Denote by $m_{i}$ mathematicians and $l_{j}$ languages.
Take $m_{1}$. He needs to have a language to talk to $(m_{i})_{i=2}^{9}$. If $m_{1}$ speaks only one language, $l_{1}$, say, then all other mathematicians speak $l_{1}$, not possible. If $m_{1}$ speaks two languages, $l_{1}$ and $l_{2}$ say, then no matter how you distribute these two languages among $(m_{i})_{i=2}^{9}$, five mathematicians will speak either $l_{1}$ or $l_{2}$, not possible. Hence $m_{1}$ speaks three languages $l_{1}$, $l_{2}$ and $l_{3}$.

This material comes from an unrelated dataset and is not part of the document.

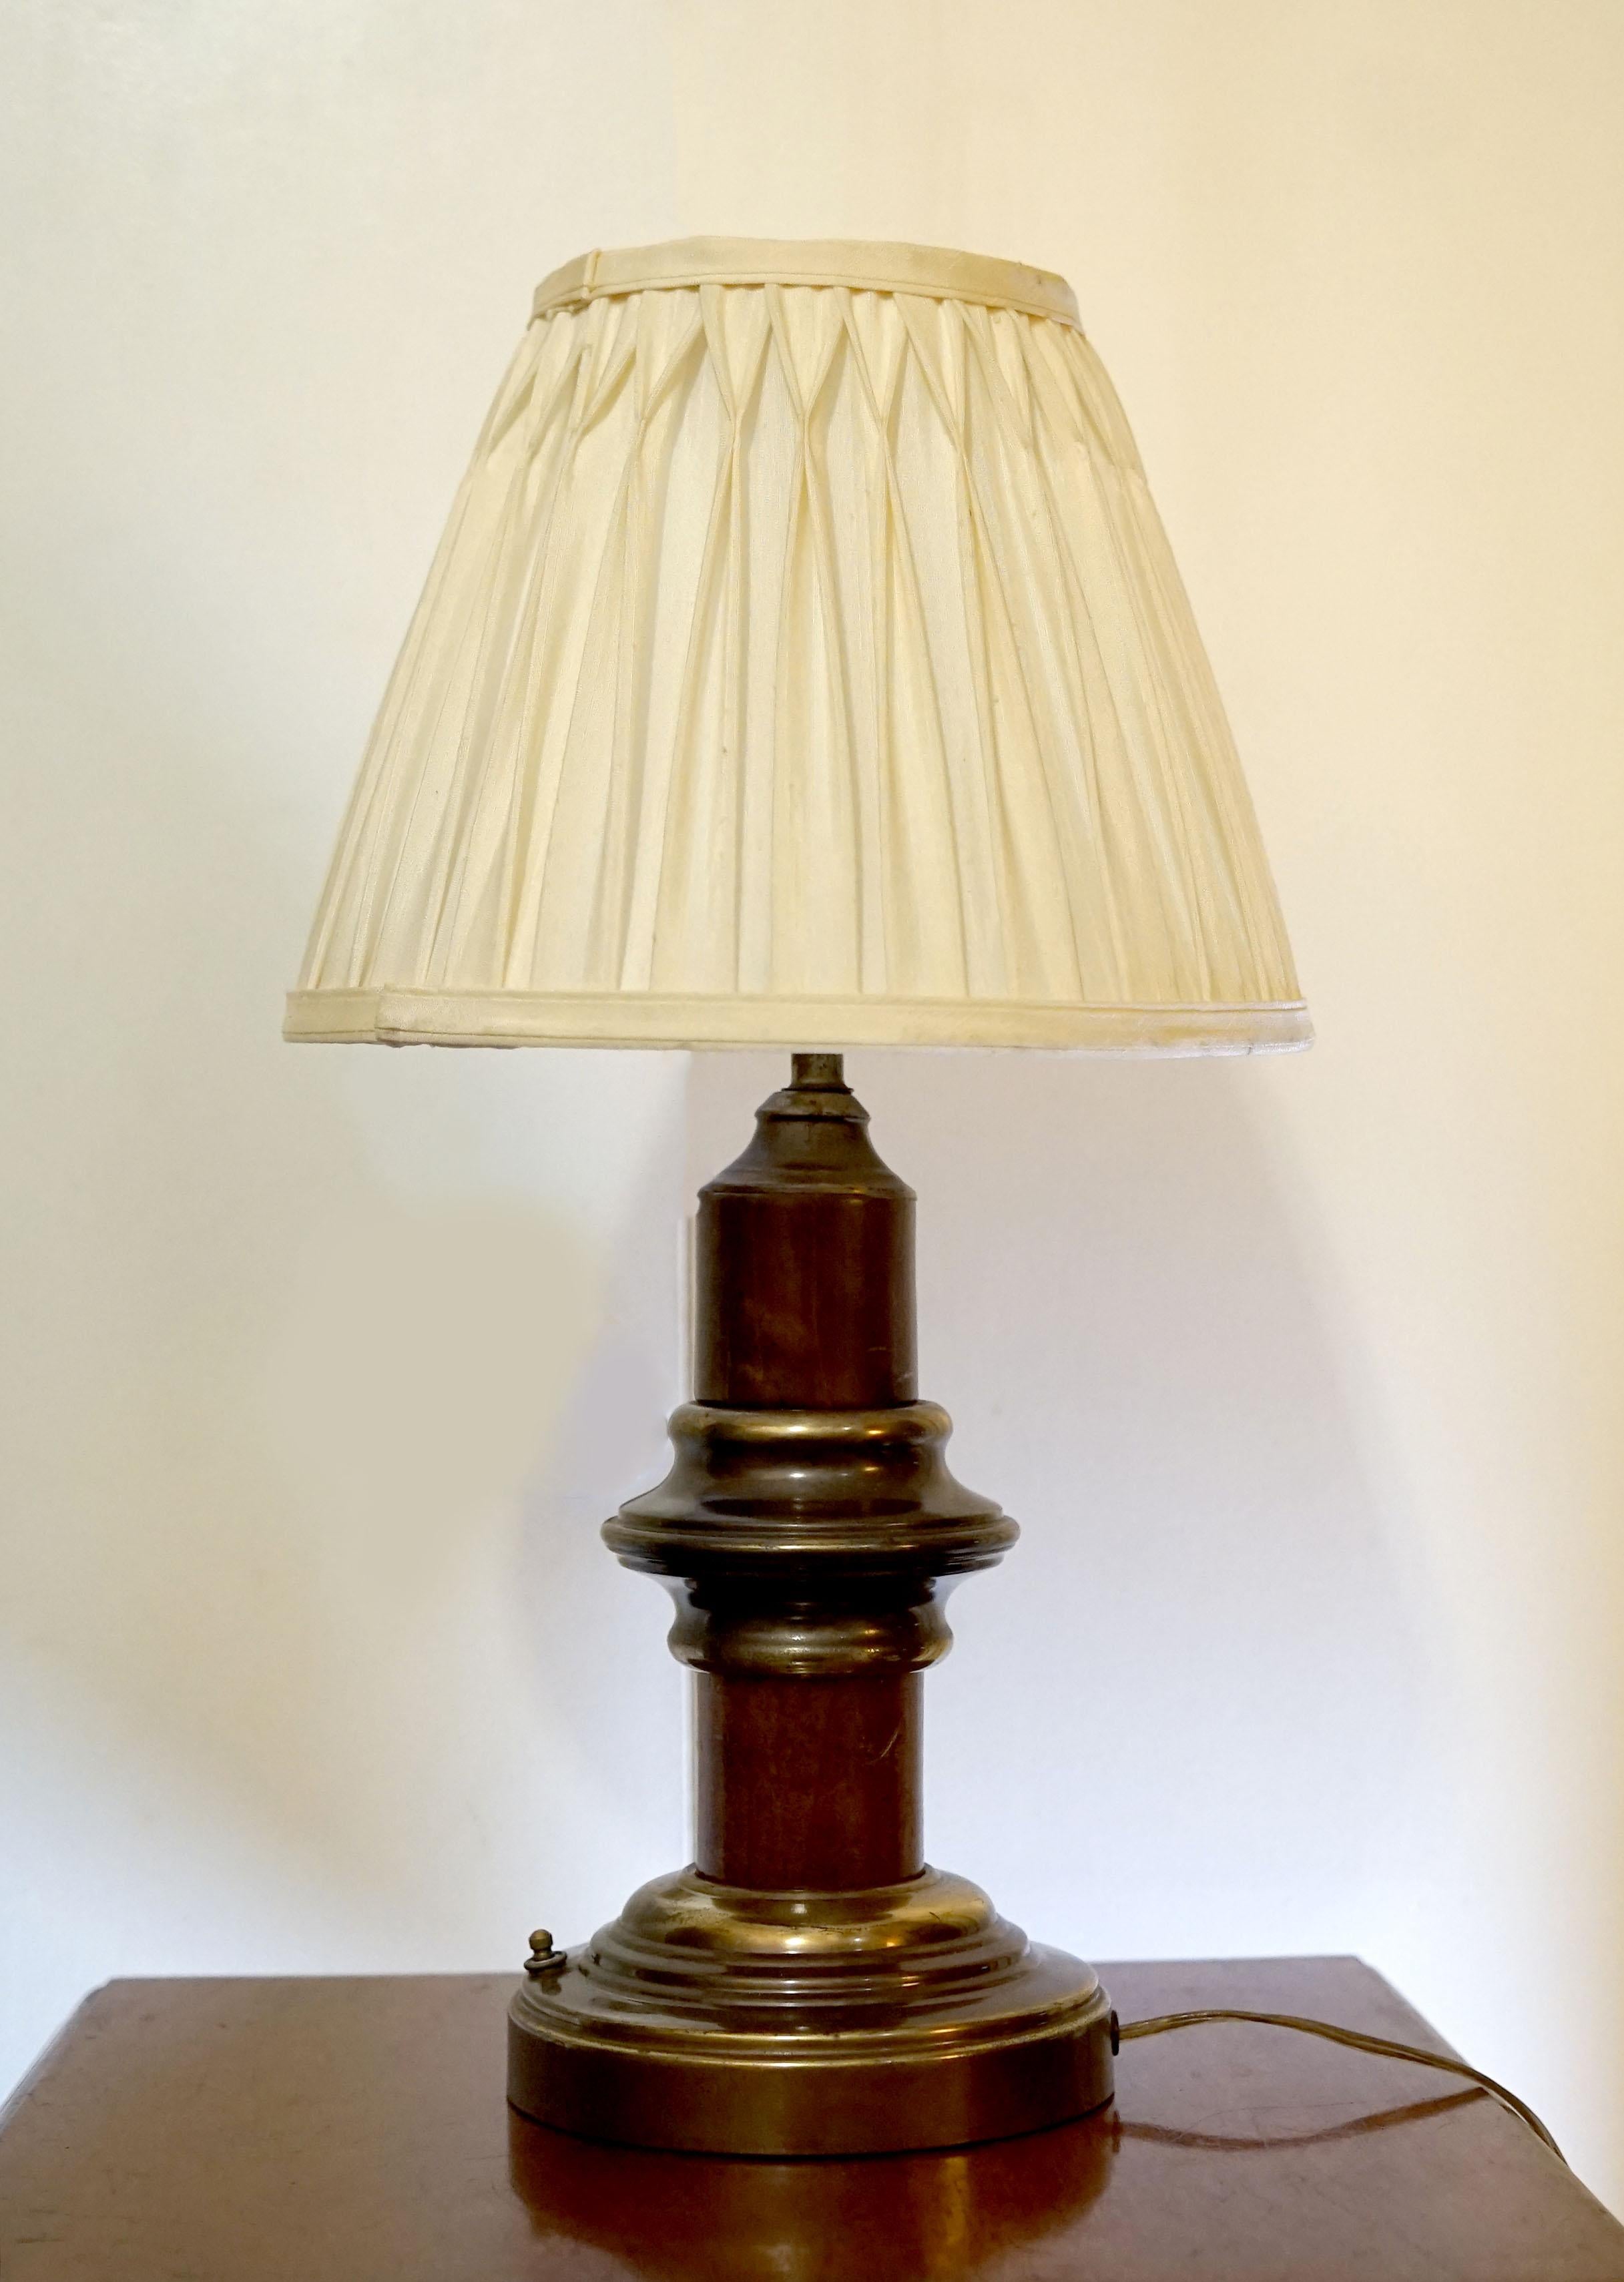 The contrast of deep wood tones and the brass base and middle section give this lamp a finished look. The brass patina is developed. This victorian style desk lamp is attractive for its compact form and original pinch-pleat lampshade among other

Since $m_{1}$ speaks $(l_{j})_{j=1}^{3}$, at most three $(m_{i})_{i=2}^{9}$ speak $l_{j}$ for all $j\in\{1,2,3\}$ (if four spoke $l_{j}$ then $m_{1}$ and these four would spoke $l_{j}$). Since there are eight other mathematicians besides $m_{1}$, one can assume without loss of generality that $(m_{i})_{i=2,3}$ speak $l_{3}$, $(m_{i})_{i=4,5,6}$ speak $l_{2}$ and $(m_{i})_{i=7,8,9}$ speak $l_{1}$.
Since $(m_{i})_{i=1,7,8,9}$ speak $l_{1}$, no other mathematician can speak $l_{1}$. Since $(m_{i})_{i=1,2,3,4}$ speak $l_{3}$, no other mathematician can speak $l_{3}$.